Castle Street runs from the Old Town Hall, in Dale Street, through to Derby Square, where the Victoria Memorial stands.
Panel from the mosaic in Castle Street, by Frank Murray.
The Old Town Hall faces down Castle Street, a street of some antiquity and now with a very good range of mostly Victorian commercial buildings. Among these are several with sculptural work, though none where I have yet found out the sculptors concerned – not unusual with architectural sculpture. Immediately on the right hand side by the corner with Dale Street is the British and Foreign Marine Insurance Co, a terra cotta effort with a band of mosaic, happily signed by Frank Murray and dated 1889, showing galleons with brightly coloured sails and heraldic devices, and more modern ships, and dolphins. Five storeys and a dormer high in the middle range. The terra cotta includes a variety of minor ornament including a ship's prow, half figures, flowers, and foliage with little fishes amongst it.
On the other side, on the corner of Castle Street with Brunswick Street is the Bank of Scotland, white stone with minor decorative banding, little cherubs and grotesqued birds, and a corner domed turret. On the other corner, no 40, once the Adelphi Bank, has an ogee dome on the corner and a variety of other little fanciful roofs. There is much busy surface decoration on walls, door and doorway, some of the little sculptural figures most amusing, and five full figures in niches. One, a knight in armour, is Truth, and the other four are allegorical girls who would appear to be: Motherhood, nursing an infant, Peace, with dove on her shoulder and holding an emblematic olive branch, someone obscure holding a bowl and what may be a rudder, and blind Justice with the usual sword and scales. The figure of Peace has an oriental face not matching the others, and is presumably a modern replacement.
Motherhood, Adelphi Bank, 40 Castle Street.
The next building along, no. 42, very white, is sober on the lower levels, and in seaside town style at the top, with banded decoration and two pairs of grotesque mermen blowing into seashells, with highly exaggerated musculature not particularly apparent from ground level.
On the other side is the former Bank of England, by C. R. Cockerell, with four massive Doric pillars, one of three such buildings the architect designed, and considered as a tour de force.
Crossing back again, a simple Italianate building with four nice allegorical ideal heads above the windows at second floor level, including a Mercury with winged helmet and staff with twined snake, girls emblematic perhaps of Peace and Agriculture, and an elder representing Industry.
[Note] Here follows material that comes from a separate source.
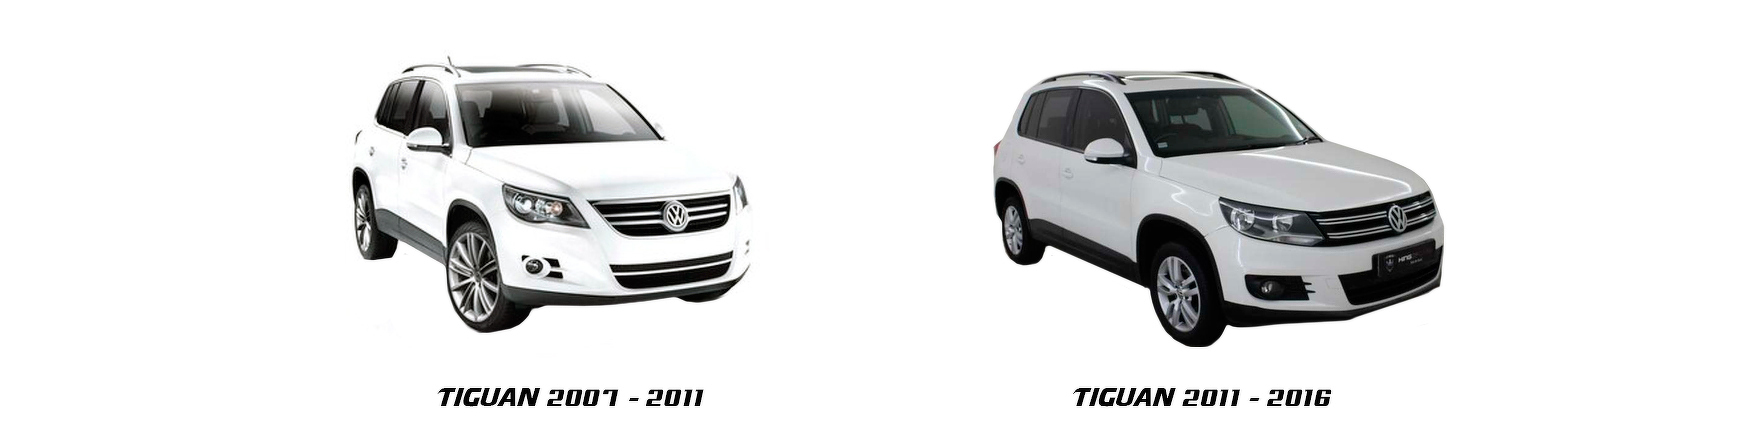 Piezas y Recambios de Volkswagen Tiguan (5N) de 2007 a 2011 | Veramauto.es

Finally, no. 62 by Derby Square, a cream Italianate block, has a balcony above the door with much carved floral décor and two heads, bearded, wild and woolly. In the recessed door, unfortunately with modern encrustations, a simple couple of reclining elders, perhaps river gods. Directly above this ensemble, at 3rd floor level, two stone girls recline on the round-headed windows, a ship’s prow between, rather winsome and unfortunately rather damaged. They are seemingly resting their upper bodies on cornucopias. That to the left has a book on her lap, but her hands are too damaged – one is lost – to know what they contained. But the face is well done in a simple classical style, nicely framed with wavy hair and with a star above her forehead. The other rests one arm on her stomach and upper leg, with on it some sort of ladle, and her other hand is lost. She too has wavy hair, a headband, but no emblem. They are of a quality that suggests some significant artist was responsible, but who?
Spandrel figures, 62 Castle Street.
C.J. Allen's Queen Victoria Monument.
Derby Square, once the site of the city castle, now contains Liverpool’s Victoria Monument, the principle work of perhaps the most important Liverpool-based sculptor, C. J. Allen. The monument itself is of Portland stone, and all the figures are in bronze. We might pause to note that this monument contains an unusually large number of statues - as well as the figure of Victoria, we have four basal groups of three figures each, four upper figures each with two infants, and the summit angel. Only a very few monuments, and the most sumptiously decorated buildings, exceed this total ensemble.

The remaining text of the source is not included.